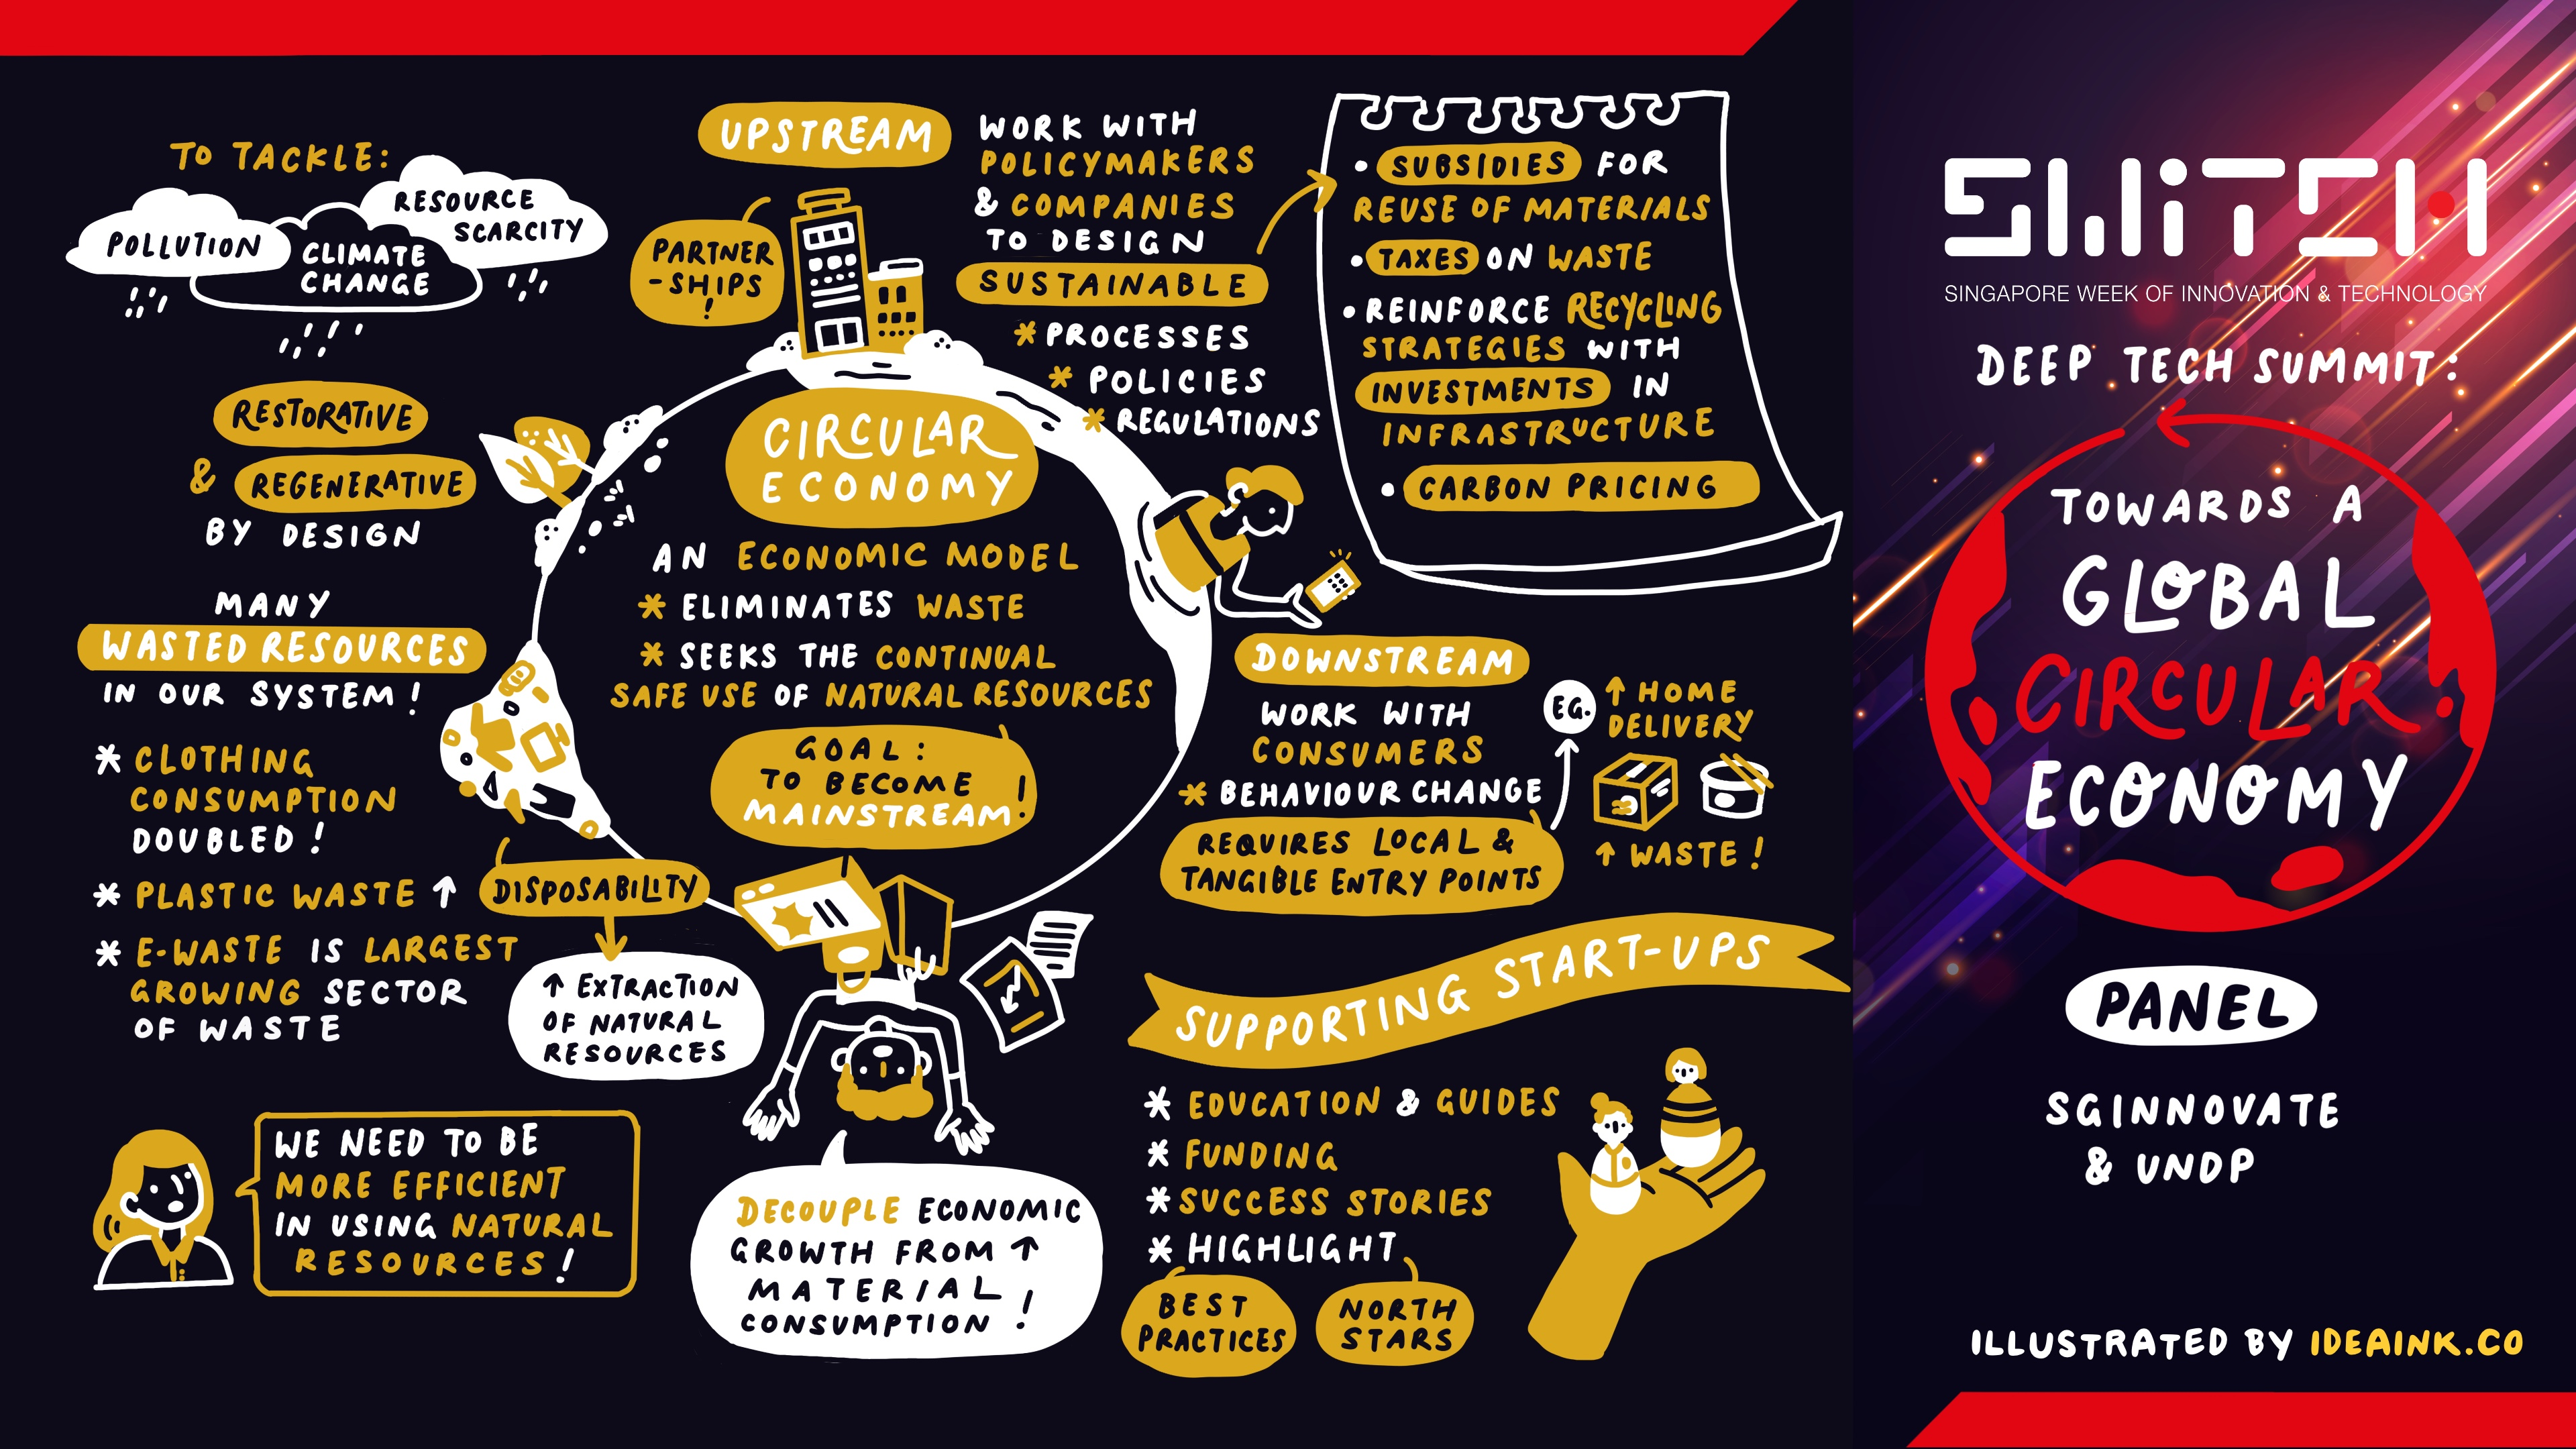 Deep Tech Summit: Towards a Global Circular Economy
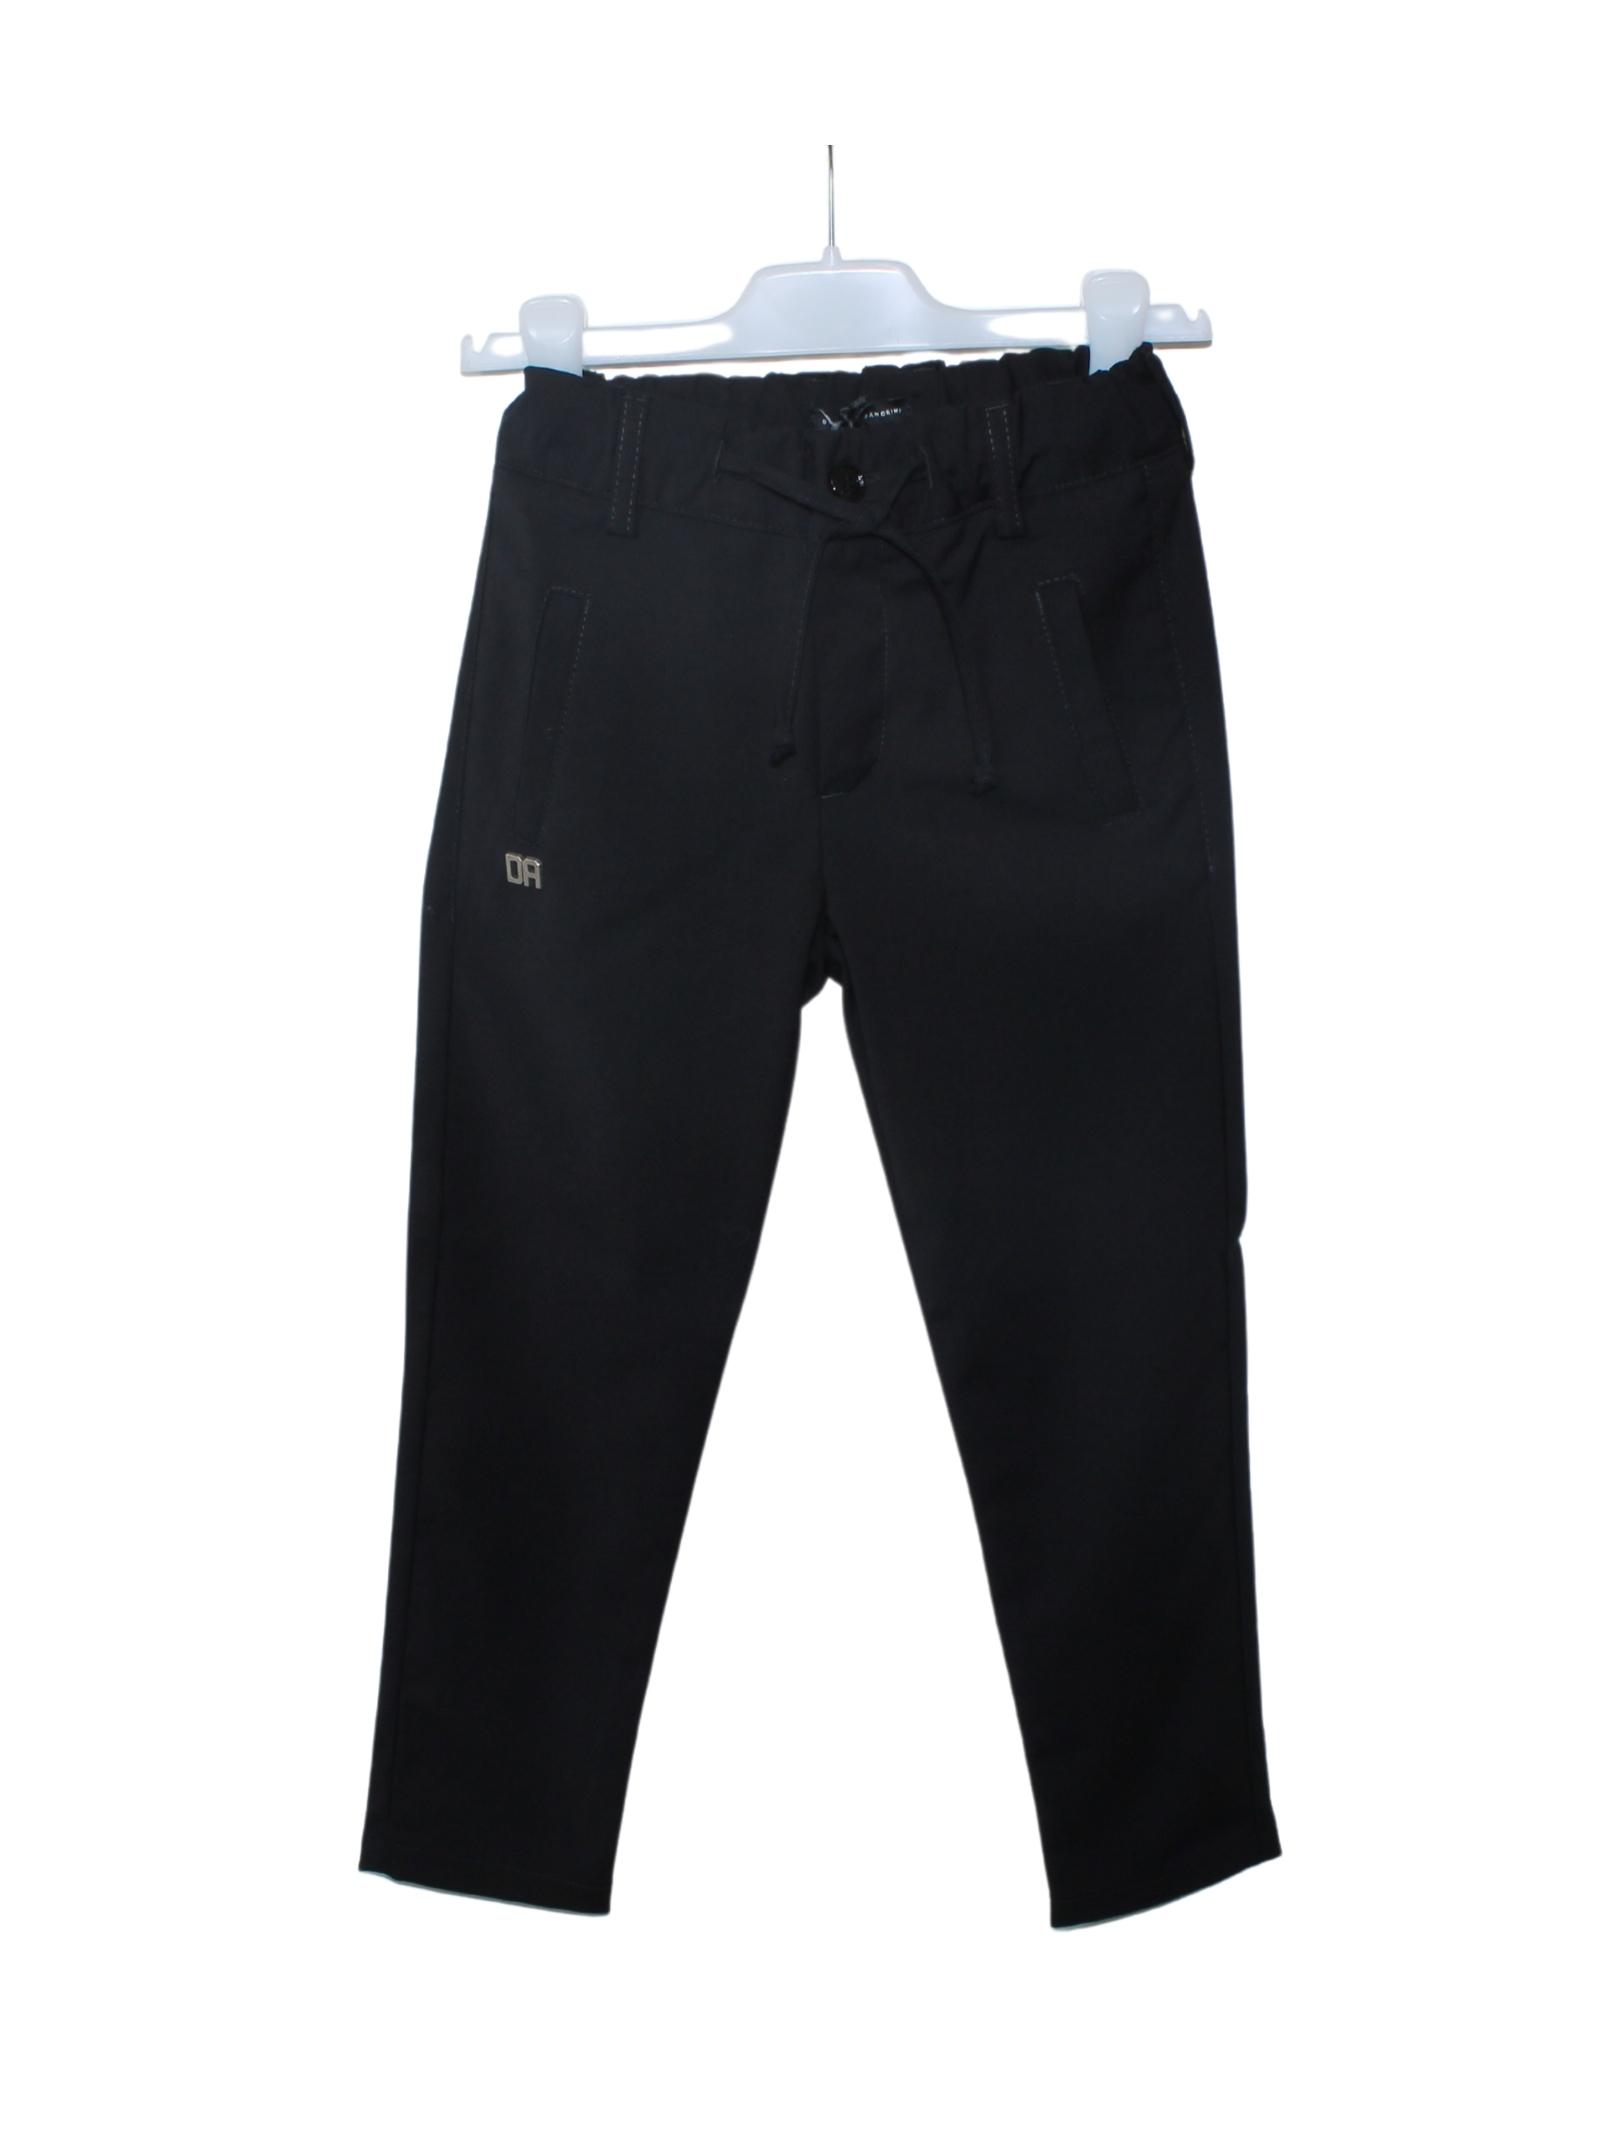 Pantalone Bambino Black DANIELE ALESSANDRINI JUNIOR | Pantaloni | 1235P0833NERO
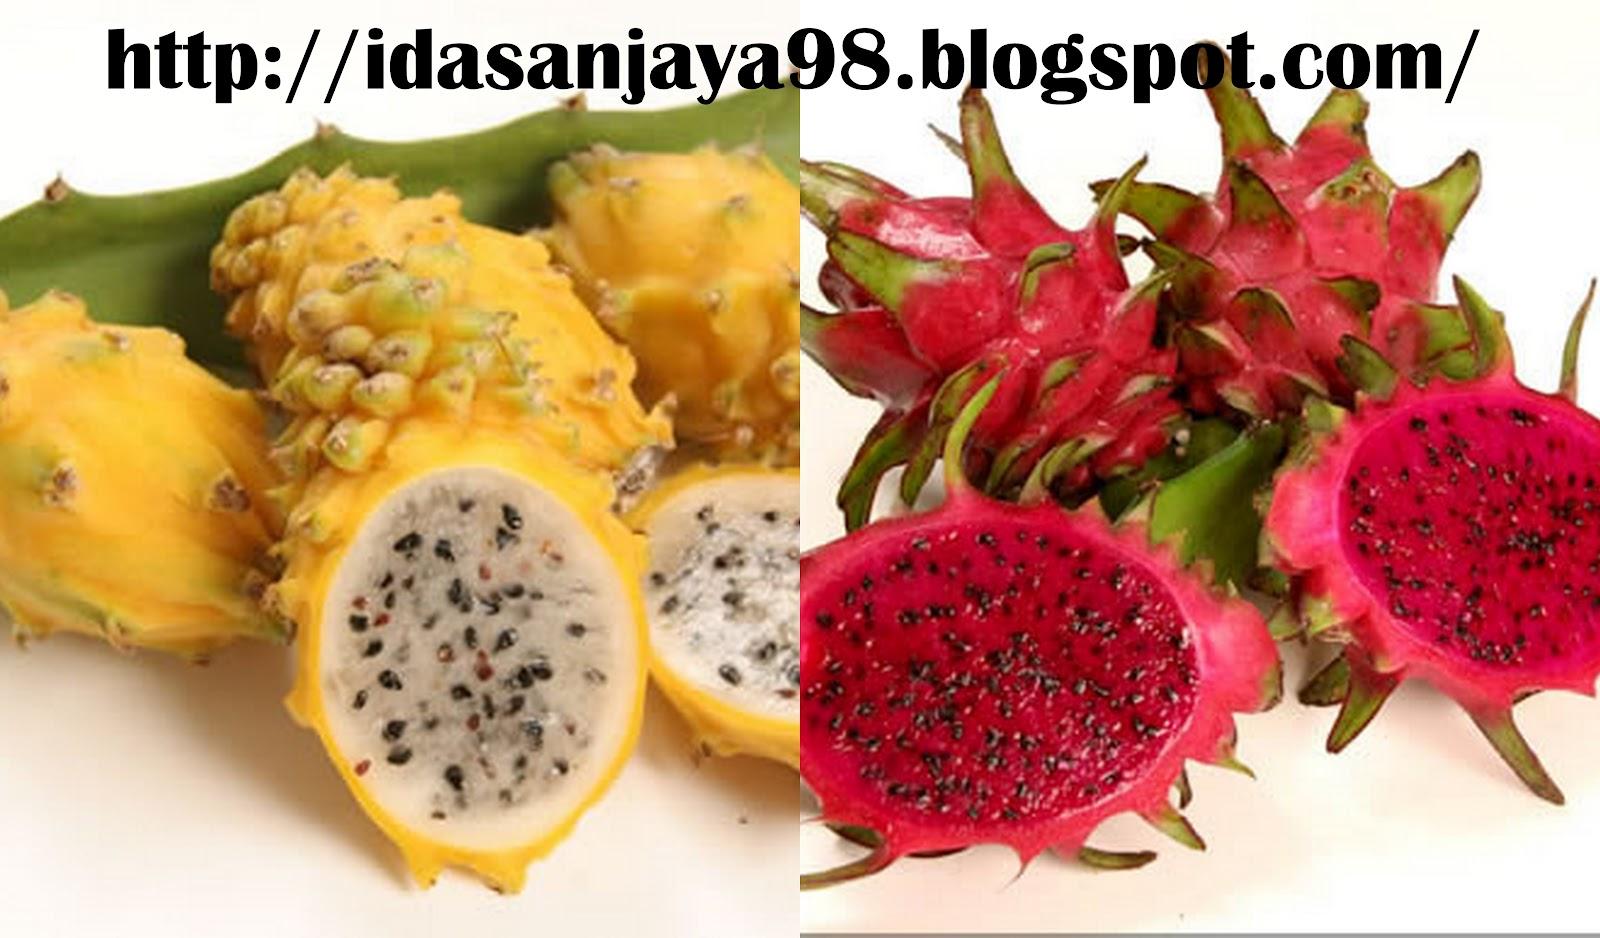 Ida Sanjaya Blogger Dragon Fruit Is Very Profitable Transactions
§ §
Make an exact printout of the listing above, omitting the images.

 Deep Tech Summit: Towards a Global Circular Economy
 Pantalone Bambino Black DANIELE ALESSANDRINI JUNIOR | Pantaloni | 1235P0833NERO
 Ida Sanjaya Blogger Dragon Fruit Is Very Profitable Transactions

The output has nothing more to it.